Павло поднял собутыльника с карачек.

– Ротяру захлопни! – наскоро шептал он. Оттащил на лавочку у рельсов. Опустил мешок податливого тела на три сбитые доски да встряхнул. – Было чего или не было, не мы юродствовали. Не лезь, ховорю! Я на стреме-то, как дурак постоял, думал, кассу заберут. Два трупа! На пятихатку по дурости откинулся! И ты молчи! Пришьют нам… и баб тех, и коняку, и хресты… А молчишь – значит, и не было.

– Они ж там были, Павка… Были две девки-то…

– На, выпей! – пихнул он в руки впечатлительного парня непочатую чекушку.

Павло сам билеты купил. Порадовался, что у кассы мужики и бабы разошлись. Послухали бред алкаша да разъехались по садам капусту квасить, бражку настаивать.

Подошла электричка. Павло затащил корзину с белыми грибами, притулится возле окна, заняв пустым пивным бидоном местечко для Митьки. Тот докуривал возле дверцы. Швырнул окурок о диск колеса. Поморщился от вида стопы искр и шагнул на нижнюю ступеньку.

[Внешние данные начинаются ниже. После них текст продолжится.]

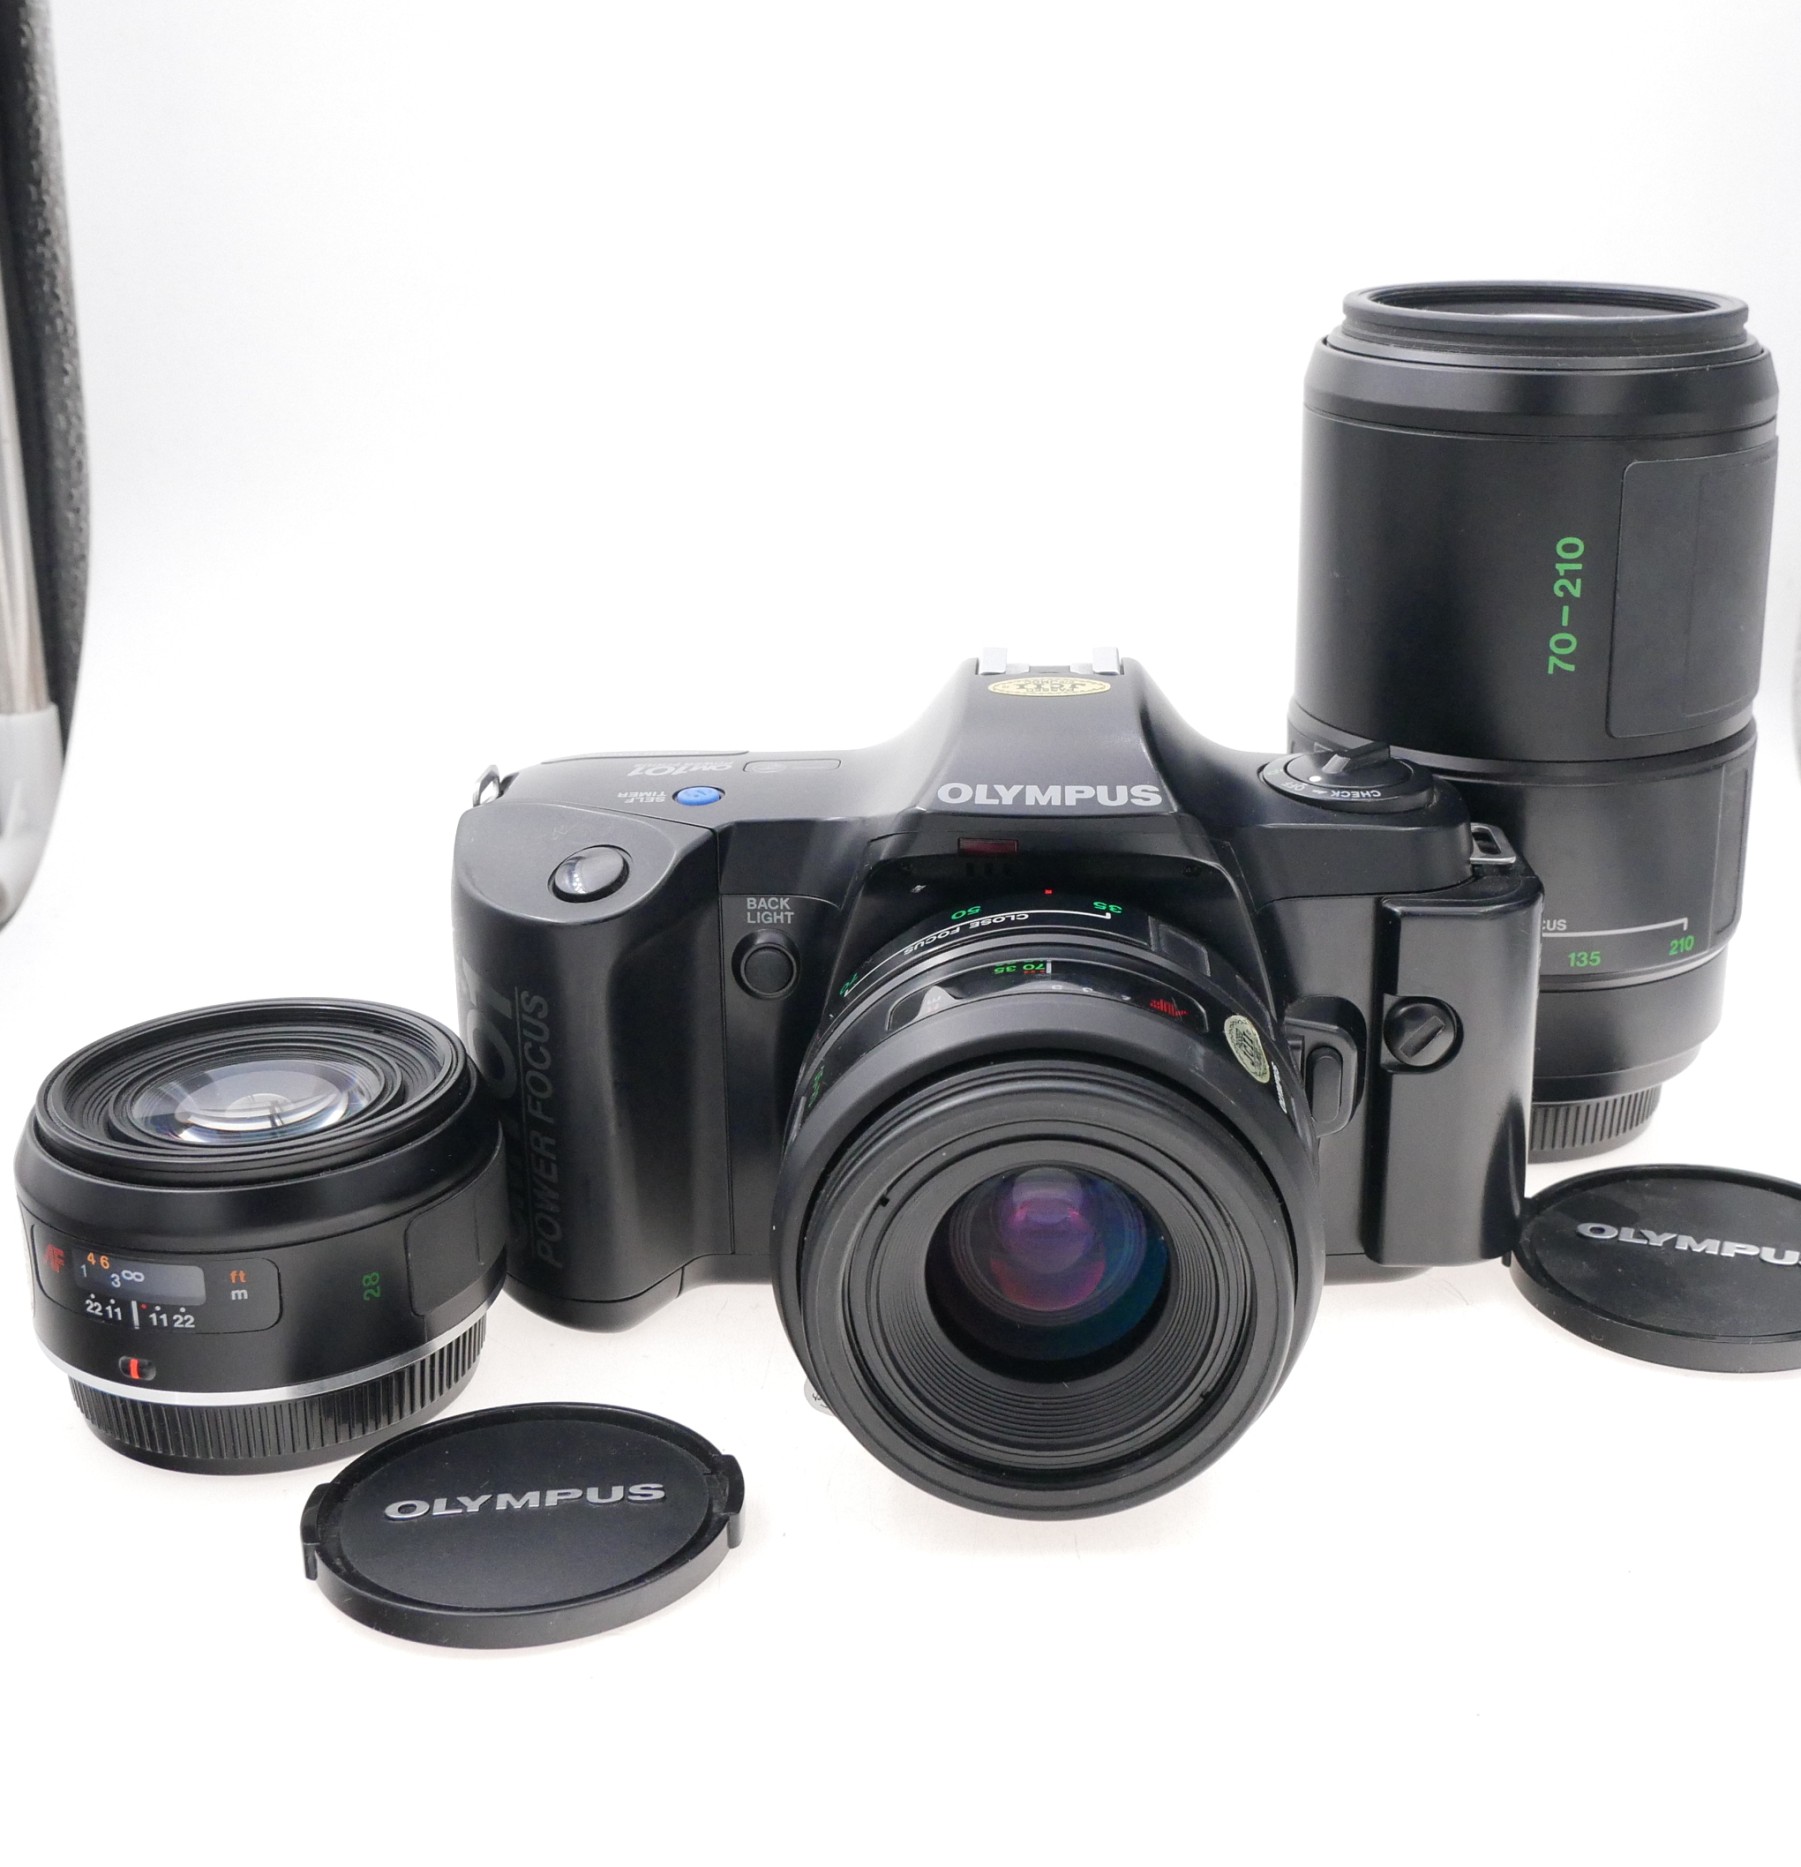 Olympus OM101 Kit: incl 101 Body, Manual Adapter 2, 28mm, 35-70, and 70-210

– Эй… эй ты, хрибник! – окрикнул женский голос. Узнал он лицо кассирши из билетной арки. – Чего там с кобылкой-то стало? Каживал ты, исчезла она. Як так-то?

Грибник головой поводил, не стоит ли где рядом Павка, и выдал:

– Испепелил ее живодер. Синим пламенем испепелил!

– Животину поджег?! Не пошла бы от спички-то.

– Пошла! Синим огнём пошла… Так пошла, что я… – сглотнул он. – Не понял, а хде кобыла-то? Охонь то или нет? Хлабысь! Была коняка и нету! Один синий пепел дурную ромашку заштриховал.

– Синий охонь? Синий, ховоришь? – недоверчиво глядела Марфа.

Митько кивнул и начал креститься не в ту сторону.

Динамик над ухом прокряхтел о закрытии дверей. Лязгнули створки, огородив ширмой грибника с кассиршей, что священника на исповеди с прихожанином.

– Хде было-то оно? – кричала Марфа, ускоряя шаг и держась рукой за створку двери. – Хде лошадь синим жгли?

– В трех кило́метрах! Вышка! Электрическая…

– Нумер какой?

– Четырь… соро…

Разжевывая лязгом колес остатки слов, туман проглотил электричку.

Вернулась Марфа за кассу. Развернула картонку «технический перерыв» и потянулась к телефонной трубке.

– Але, – набрала по номеру старшего по станции, – Яков Хеоргич, соедини с хородом.

– Давай нумер.

– Нуль два.

– Милиция? Чевой-то вдрух?

– Хулихганы. Доложу. Или хошь, шобы сызнова стекла краскою изрисовали?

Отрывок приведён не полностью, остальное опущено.